- WORK TO BE COMPLETED -
Although the records contain pictures, none belong in the copy: restate word for word only the lines from the one with "Księżna Kate Middleton" through the one with "Спящая красавица Аврора", both included.

--- TASK DATA ---

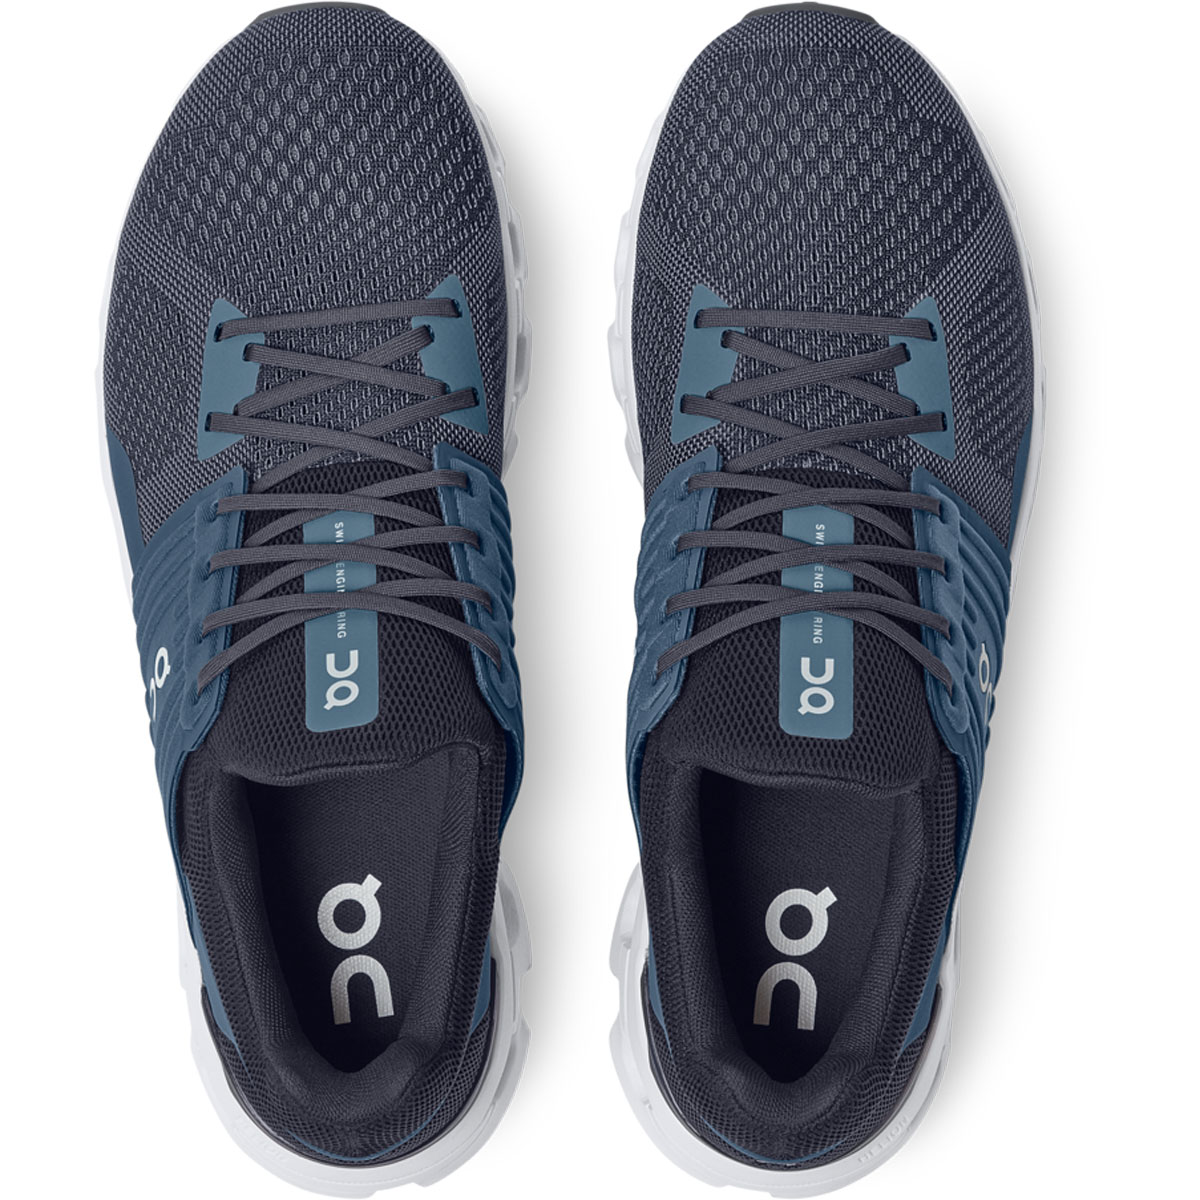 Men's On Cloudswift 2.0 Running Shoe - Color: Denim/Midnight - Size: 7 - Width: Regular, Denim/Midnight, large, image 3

---
--- TASK DATA ---

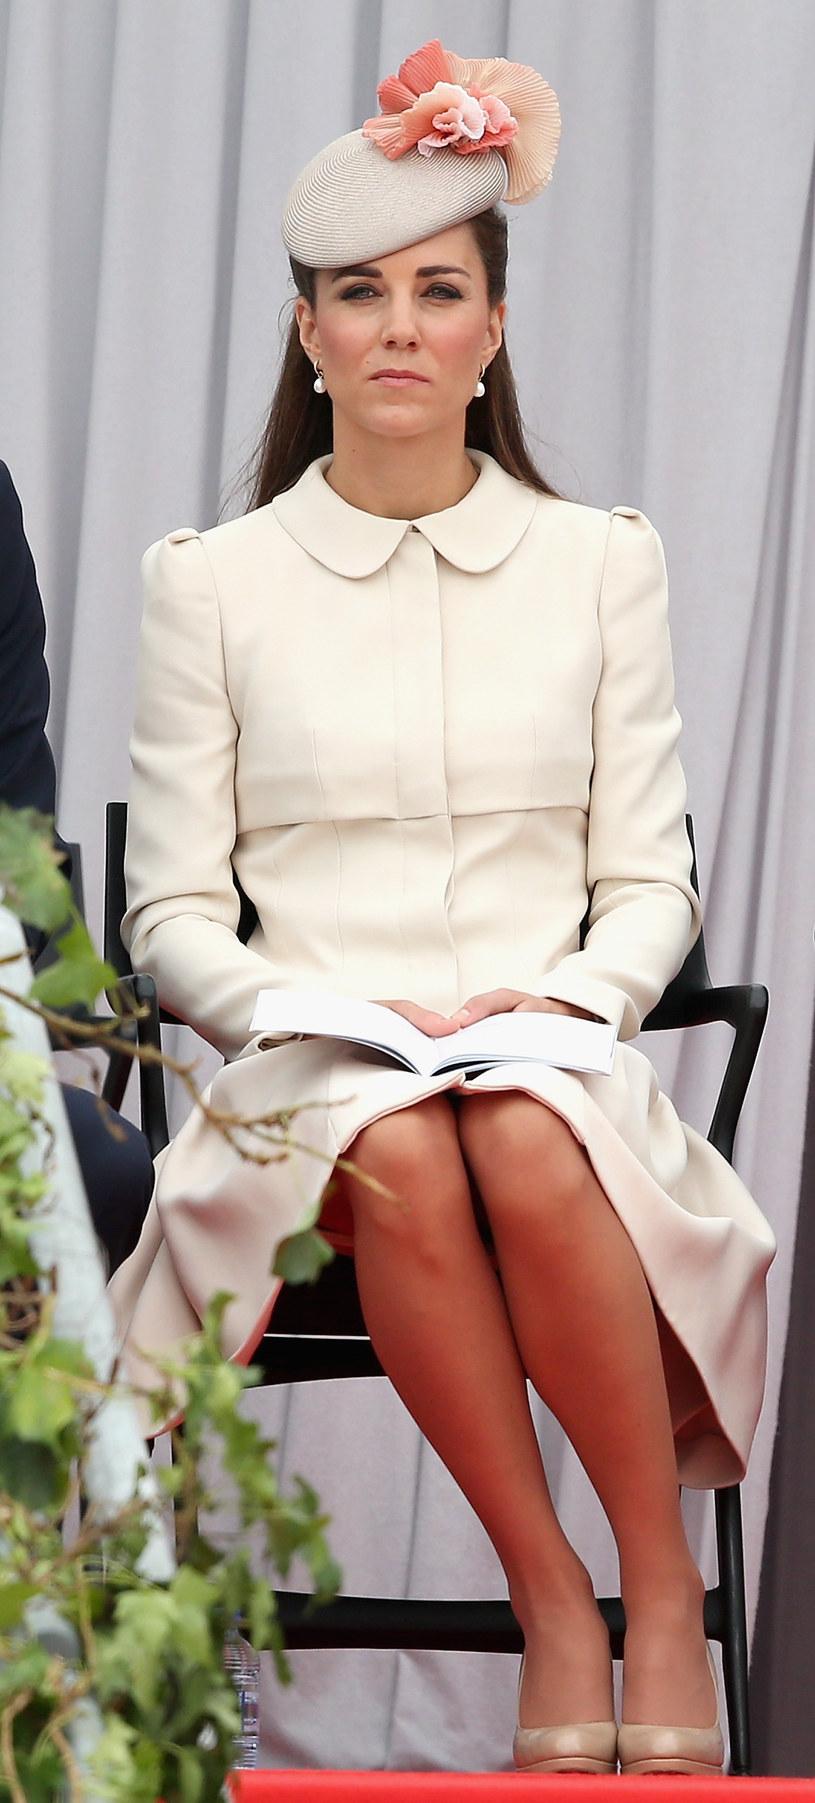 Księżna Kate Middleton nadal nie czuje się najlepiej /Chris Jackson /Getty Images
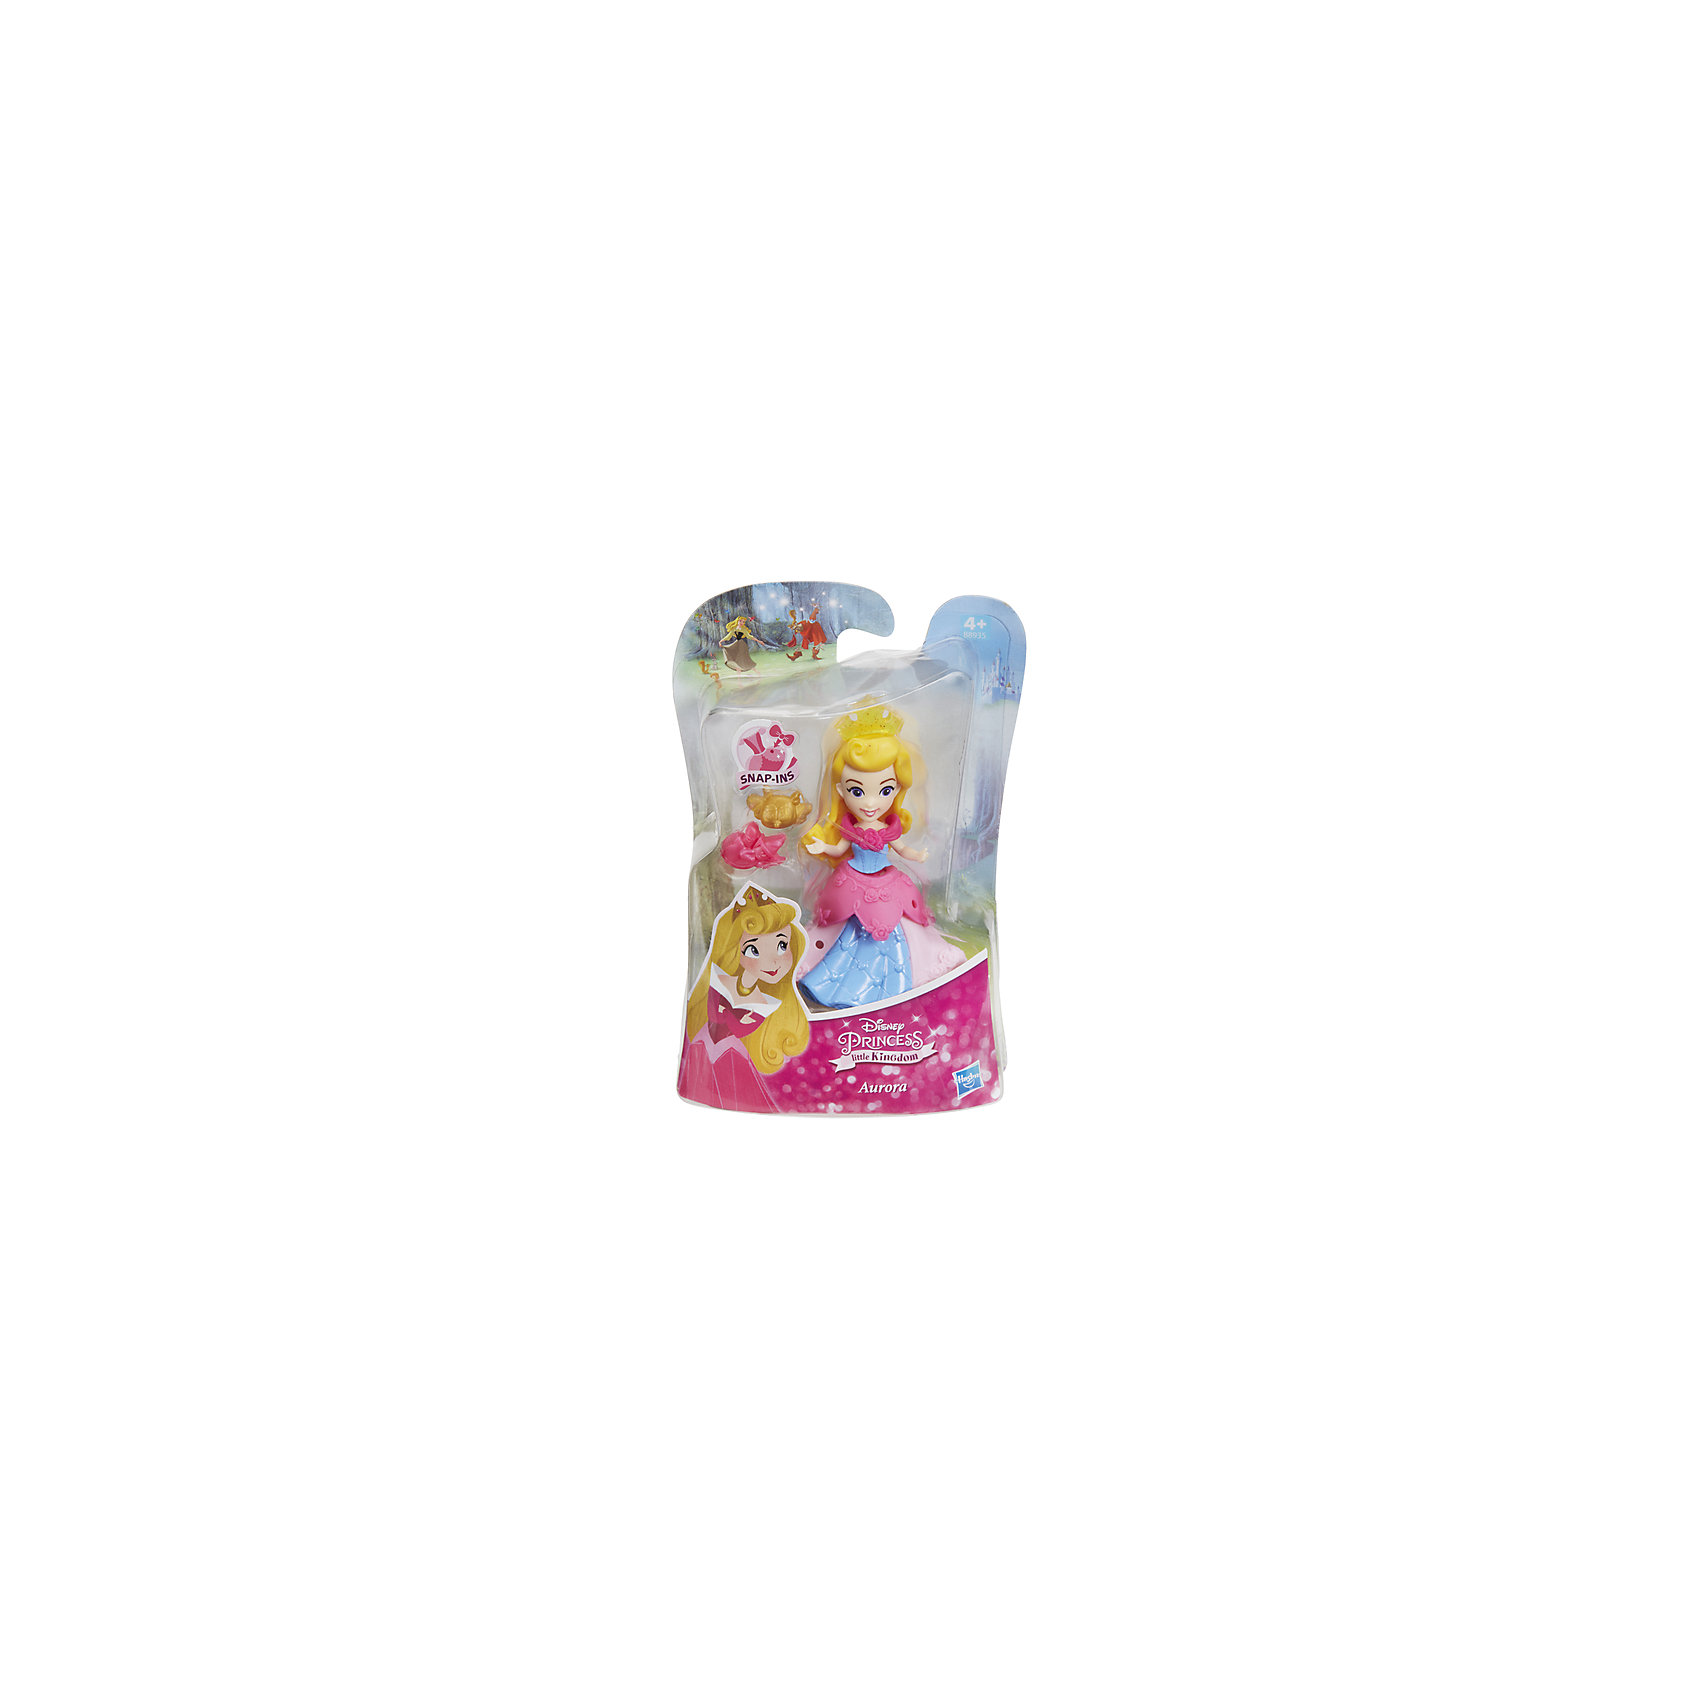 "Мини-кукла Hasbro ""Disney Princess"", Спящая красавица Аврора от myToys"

---

- YOUR RESPONSE -
 Księżna Kate Middleton nadal nie czuje się najlepiej /Chris Jackson /Getty Images
 "Мини-кукла Hasbro ""Disney Princess"", Спящая красавица Аврора от myToys"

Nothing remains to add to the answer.